In this sense, Gemeinschaffen, or in English “commoning,” is to be practiced in its most literal sense: to do something together. Together with Costanza Rossi from Chile, Johanna Reichhart from Germany, Marcos García Pérez from Spain, and other local and international participants like my sister Katarzyna and you from Macau. We managed to make this Pause happen, especially in this sense of a break which is subject to work. Without work, Pause would not make sense. We have different artistic concerns in theoretical terms and practical skills if we speak about our art, like textiles in my case. But the main thing is to take time, to work together, to reflect together on the process, so that a Pause becomes possible.
Let us then continue in the future to discuss important theoretical and practical aspects of this ongoing artistic practice of commoning. Dziękuję!
With pleasure, dziękuję too!
Text and images by Cheong Kin Man.
Arbeitspause works in collective structures with artists and cultural workers. In the summer of 2021, an initiative with the same name was launched by Marta Stanisława Sala and Johanna Reichhart as a direct response to the increasing precarity of artists during the pandemic and as an urge to turn “being alone together” into “doing something together.” Five artistic actions, “Arbeitspause im Görli”, took place at Görlitzer Park. The origin of this can, however, be traced back to 2018, when the two artists, together with Marcos García Pérez and other fellow students, performed 24 hours of commoning at the Berlin University of the Arts as part of the “40 Years of Art in Context” exhibition. Last year, the collective held its first exhibition “Utopian interventions in Tempelhof’s landscapes” at Berliner Genossenschaftsforum with 26 international artists and filmmakers.

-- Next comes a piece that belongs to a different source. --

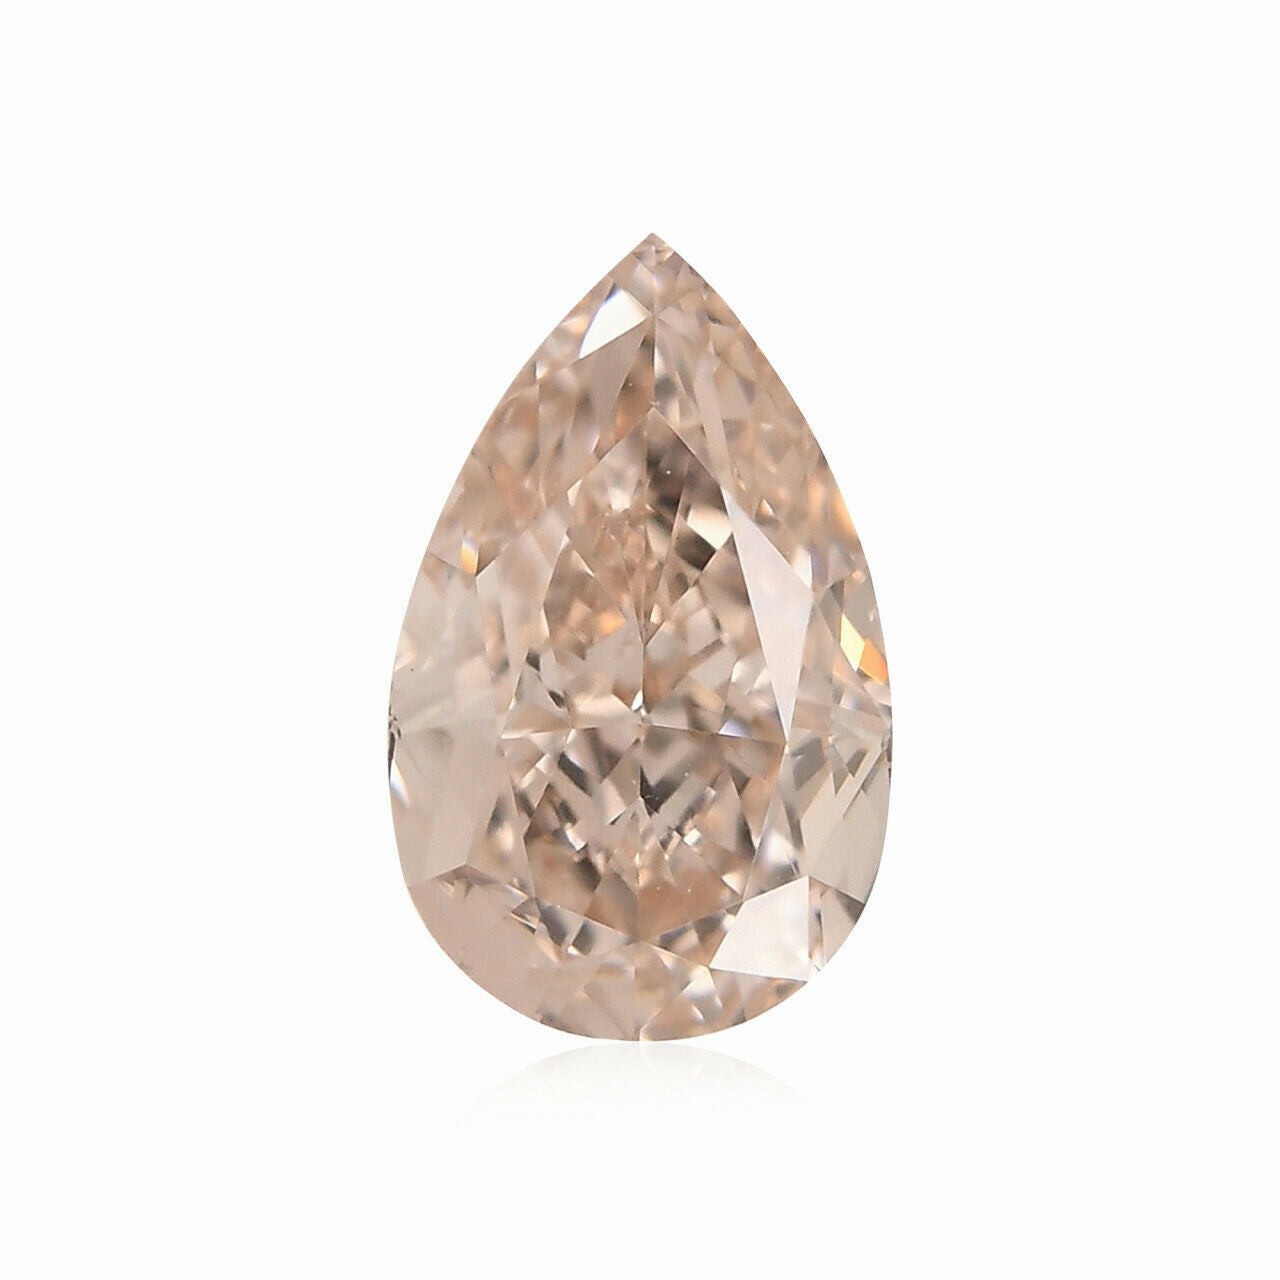 Reserved for John-Diamond Engagement Semi Mount Ring 14K Rose Gold Setting Pear 6.91 x 4.31 x 3.08mm

Katowice-born and Berlin-based Marta Stanisława Sala has long been working in collaboration with her fellow artists. Following fifteen intense years of life of art and social actions in Krakow (2000-2015), where she graduated in painting at the Academy of Fine Arts, Sala studied Art in Context at the Berlin University of the Arts with a DAAD scholarship (2017-2020). Besides painting and textiles, she deals with politically and socially engaged cultural animation and interdisciplinary art projects. Her recent projects include the Jewish remembrance culture project “Esther’s Willow” in her hometown Chrzanów and a series artistic action on Utopian language with Cheong Kin Man. Her works have been presented at Ujazdowski Castle, Le Guern in Warsaw; Galicia Jewish Museum, Bunkier Sztuki in Krakow; Temporary Gallery in Cologne; SAVVY Contemporary in Berlin; KUB in Leipzig; among others.

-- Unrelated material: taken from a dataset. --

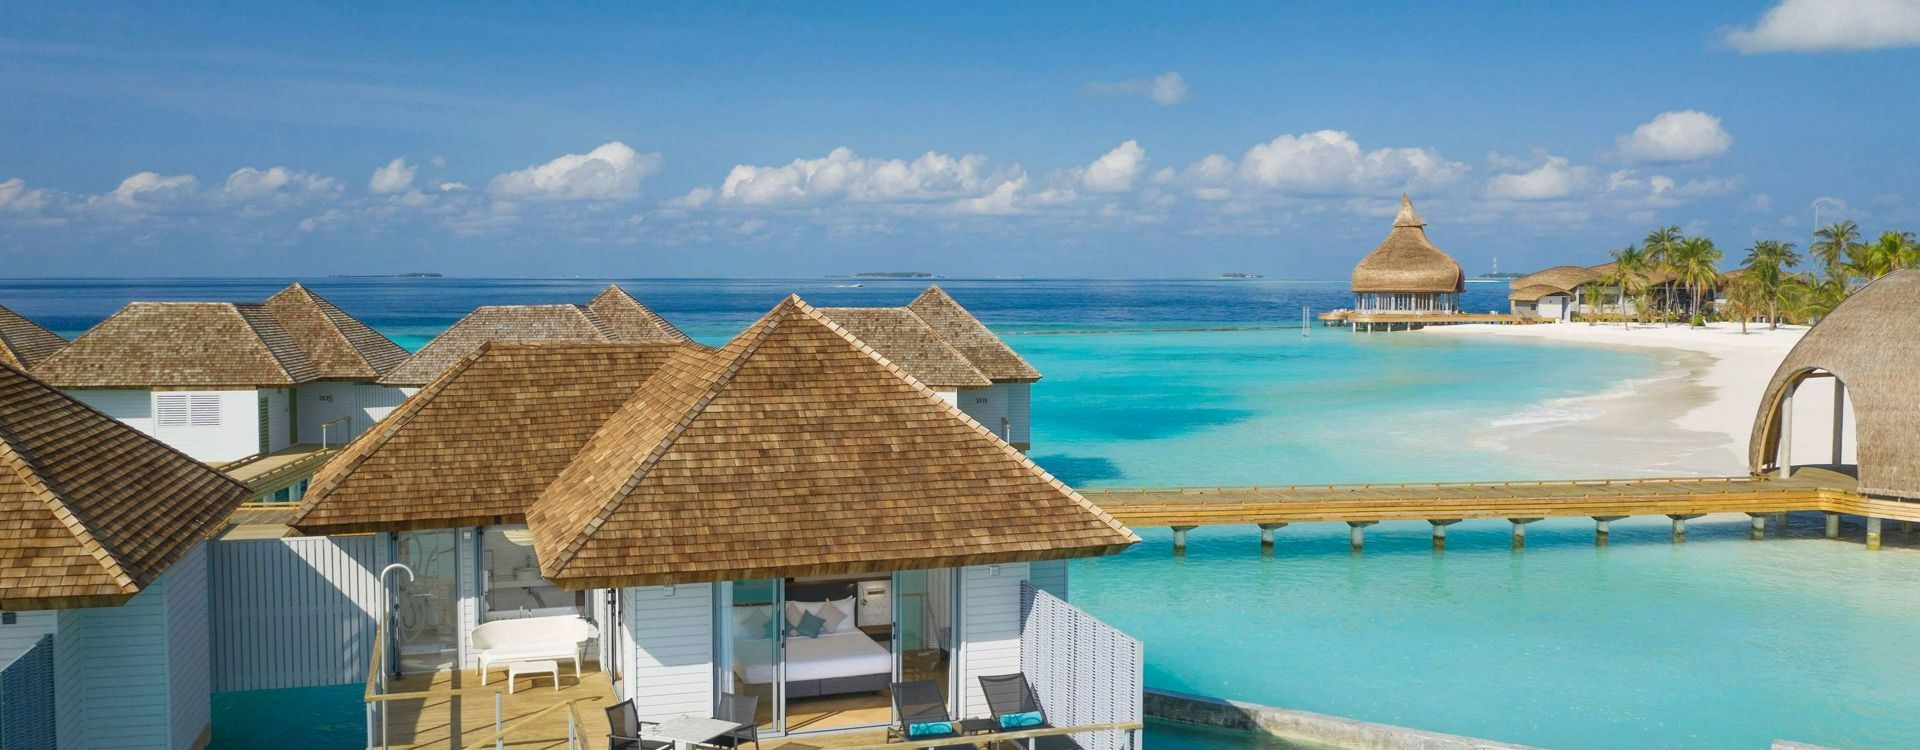 Outrigger Maafushivaru Maldives Resort-Miscellaneous (1).jpg

Cheong Kin Man is a PhD student in Visual and Media Anthropology at Freie Universität Berlin and cultural correspondent of Portuguese newspaper Jornal Tribuna de Macau in Central Europe. A former government translator and interpreter and occasional curator since 2008, he writes in Chinese, English, French, German and Portuguese and publishes in Macau, Germany, Hong Kong, Portugal, Réunion or Taiwan. His award-winning experimental visual ethnography “a useless fiction” (2015, 2023) has been presented in over 40 countries and territories. His works have been presented at Museu do Oriente (Portugal), Yilan Museum of Art (Taiwan), and in film festivals like Festival de Cine de Bogotá, Duisburger Filmwoche, Singapore (SGIFF) and China Independent Film Festival. As part of the Arbeitspause collective, he has been working intensively with Berlin-based Polish artist Marta Stanisława Sala since 2021.